Perturbation.Aperturbationof a rational map (resp. polynomial) $f$ is a family of rational maps (resp. polynomials) ${f_\epsilon:\epsilon\in[0,\epsilon_0]}$ with some $\epsilon_0>0$ satisfying $f_0=f$; $\deg f_\epsilon = d$ and $d_\hat{\mathbb{C}}(f_\epsilon,f)\to 0$ as $\epsilon\to 0$. For simplicity we represent such a family in convergence form, $f_\epsilon\to f$....

Theorem 3.1 (Cui)Let $g$ be a geometrically finite rational map with parabolic cycles. Then there exists a subhyperbolic rational map $f $ satisfying the following:

- There exist quasiconformal deformations ${f_\epsilon: 0<\epsilon\leq 1}$ of $f$($=f_1$) such that $f_\epsilon \to g$ is a perturbation.
- Let $H_\epsilon$ denote the quasiconformal conjugacy from $f$ to $f_\epsilon$. Then $H_\epsilon$ converges uniformly as $\epsilon \to 0$ to the limit $h$ which semiconjugates $f$ to $g$.
- For $y \in \hat{\mathbb{C}}$, $\mathrm{card}(h^{-1}(y))\geq 2$ iff y eventually lands on a parabolic cycle.

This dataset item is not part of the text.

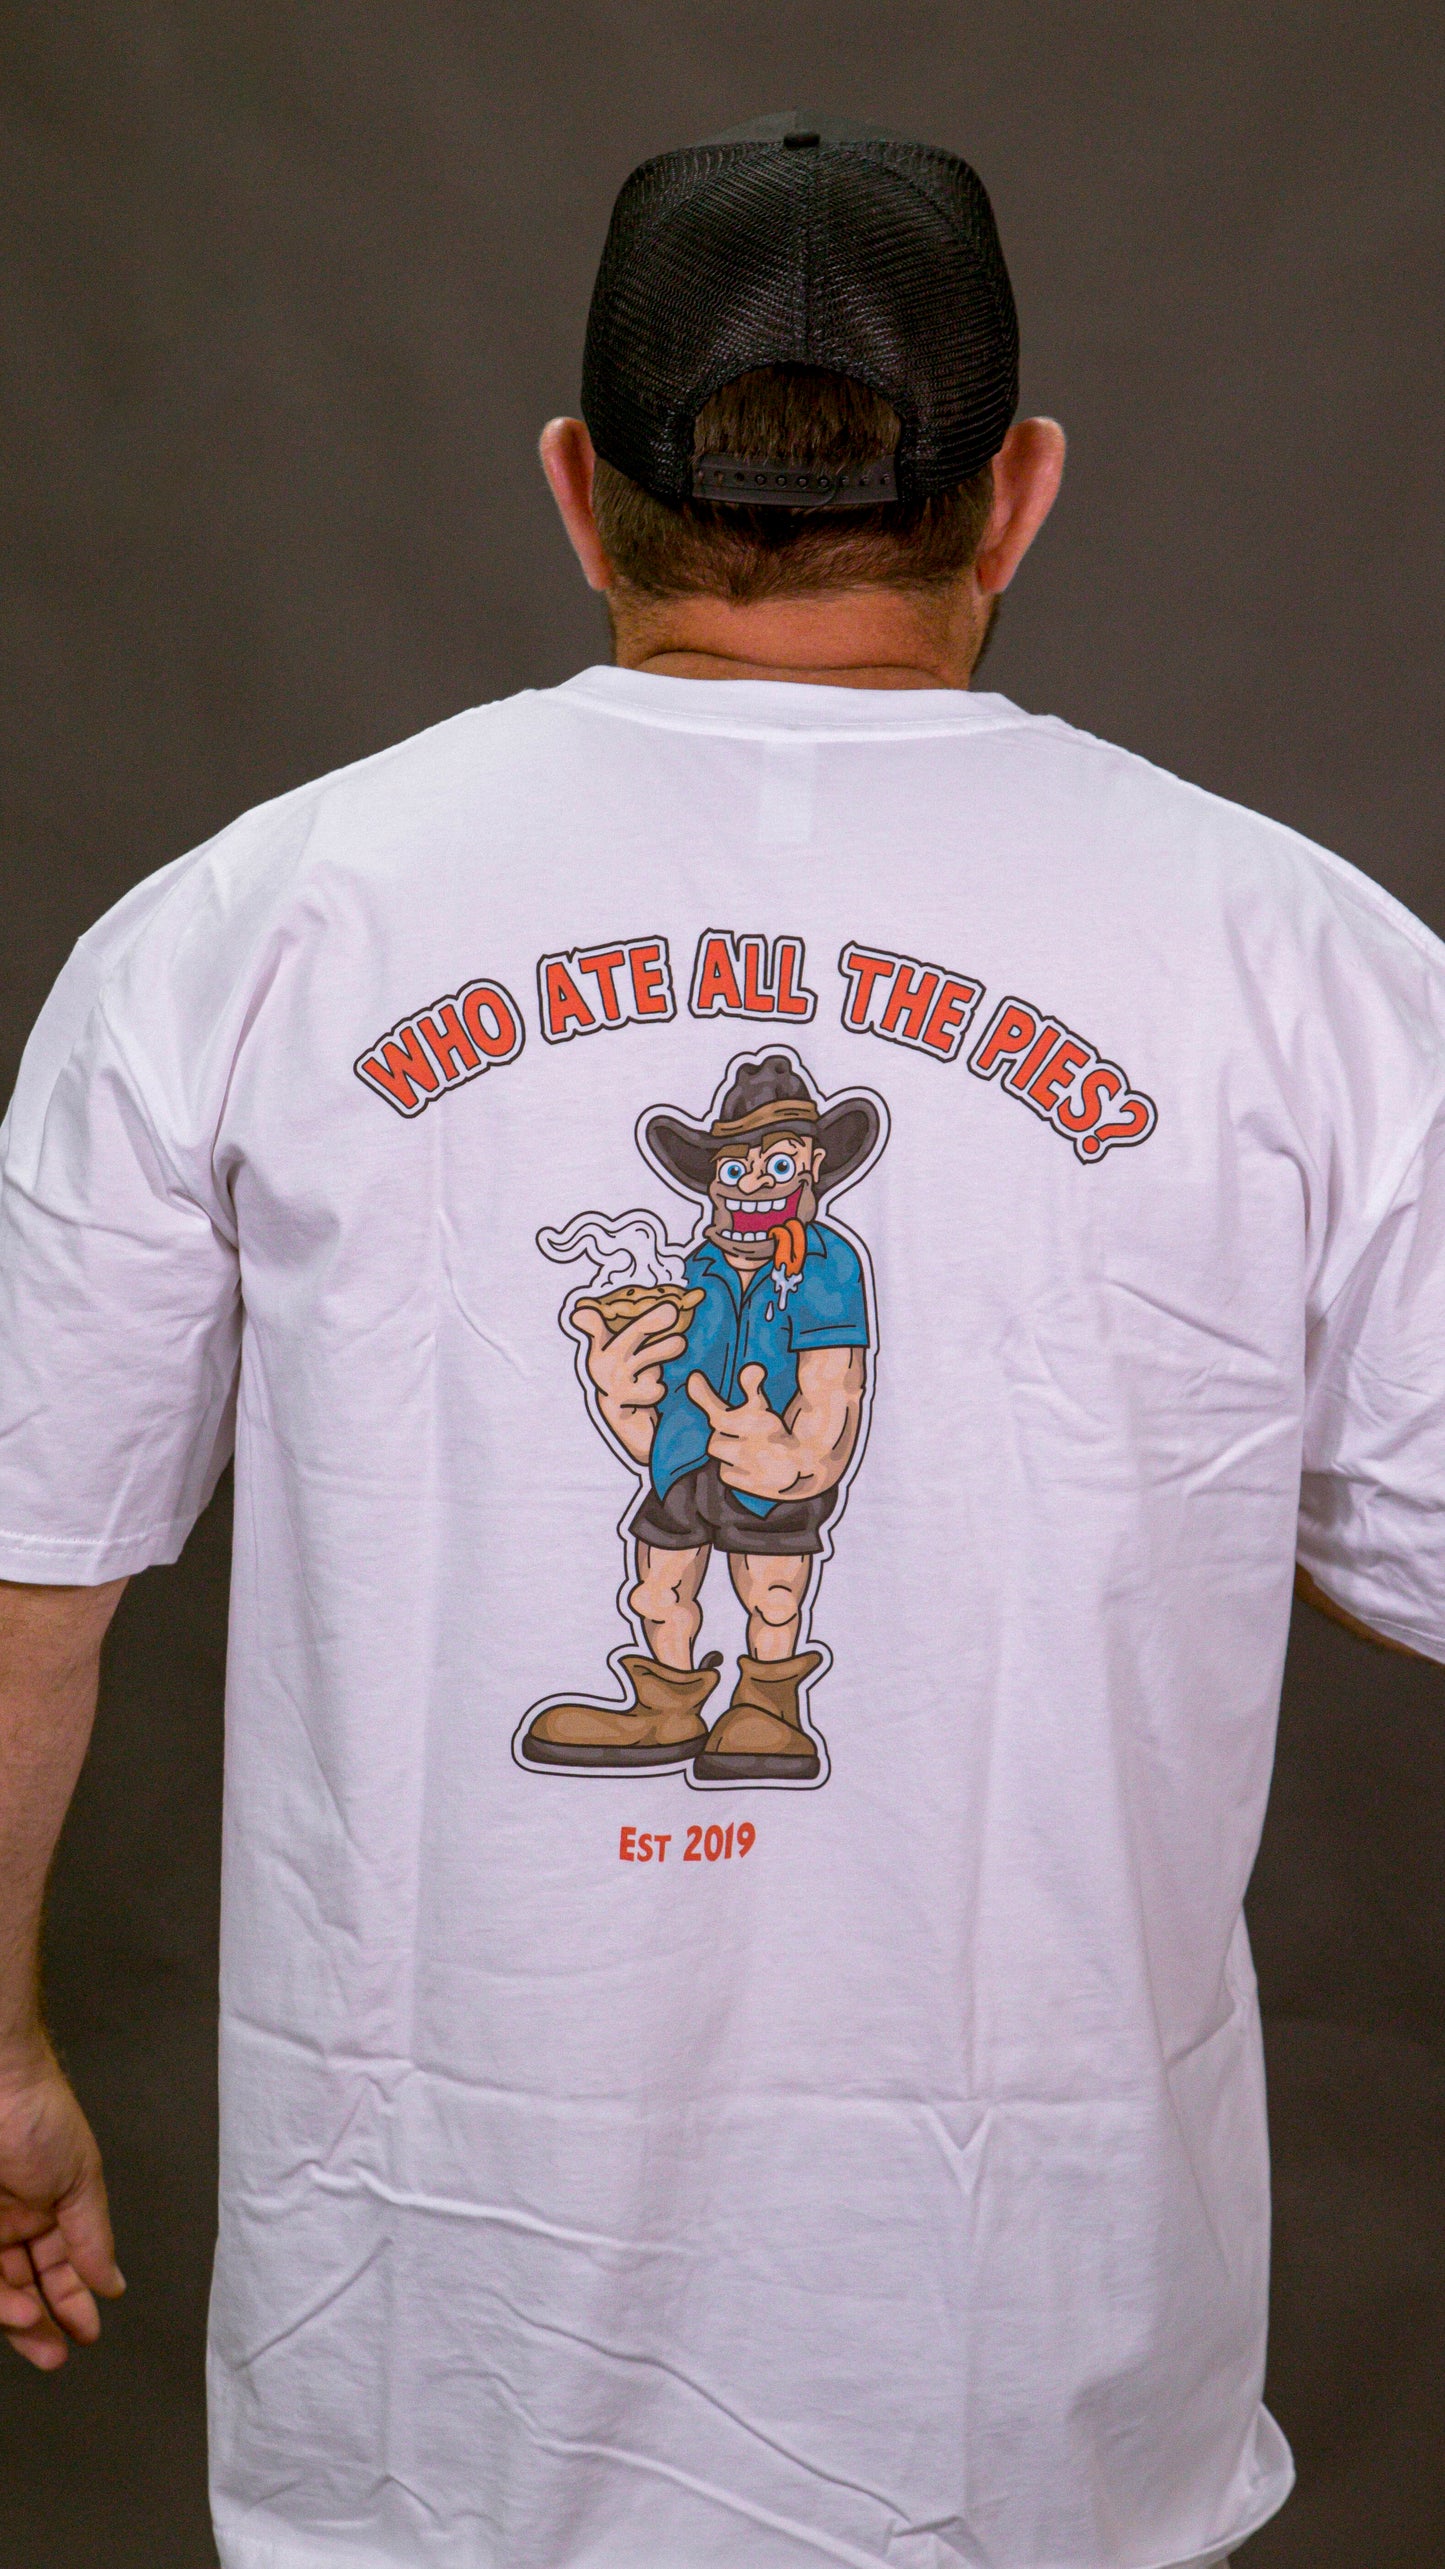 WHO ATE ALL THE PIES ? T-SHIRT

In particular, such an $h^{-1}(y)$ is either a repelling periodic star like graph or a connected component of its preimages.

Now I am not sure whether this would be enough for me? It is hard for me to decipher, but it gives me the vague impression that it might provide the solution for my case. I guess what is important is the semiconjugacy between the map $g$ with parabolic fixed points and $f$ without parabolic fixed points. Would such a semiconjugacy "preserve most of the dynamics" in the sense that, say, the Julia set stays topologically the same?

The paper talks about star-like graphs and Thurston obstructions and things I don't know of.

Here, as well as in Baranski's paper use is made of "rational-like maps" and quasiconformal methods, of which I don't understand anything. I understand that "rational-like map" refers to some kind of abstract model simplification of a rational map with one designated attractive fixed point.

So I have only very vague ideas. Now, before I get lost in this I would like to ask whether this (Theorem by Cui) would seem to amount to a solution to my problem.

If that is the case I would have to learn about what is necessary to understand it.

Thank you.

**Edit (adding some specific questions about the result by Cui, from the comments to Lasse Rempe's answer): **
I don't really understand all the technical language involved here.
So some specific questions for me would be for example:
1) If $f$ and $f_\epsilon$ are quasiconformally conjugate, does this mean their Julia sets and Fatou components are homeomorphic and dynamics on each of them topologically conjugate?
2) As the limit $f_\epsilon\to g$ obtained here is only semiconjugate to $f$ by the limit $H_\epsilon \to h$ of quasiconformal conjugacies: Is there anything important that gets lost in this process?

What I would foremostly like to know, really, is whether this result is applicaple "as is".

As my understanding is very vague, I am aware that this might seem difficult. And if the only possible answer should be "learn about these things and figure them out for yourself" then I shall also be satisfied with that.

Thank you very much for your help given already, and I will be grateful for any further hints.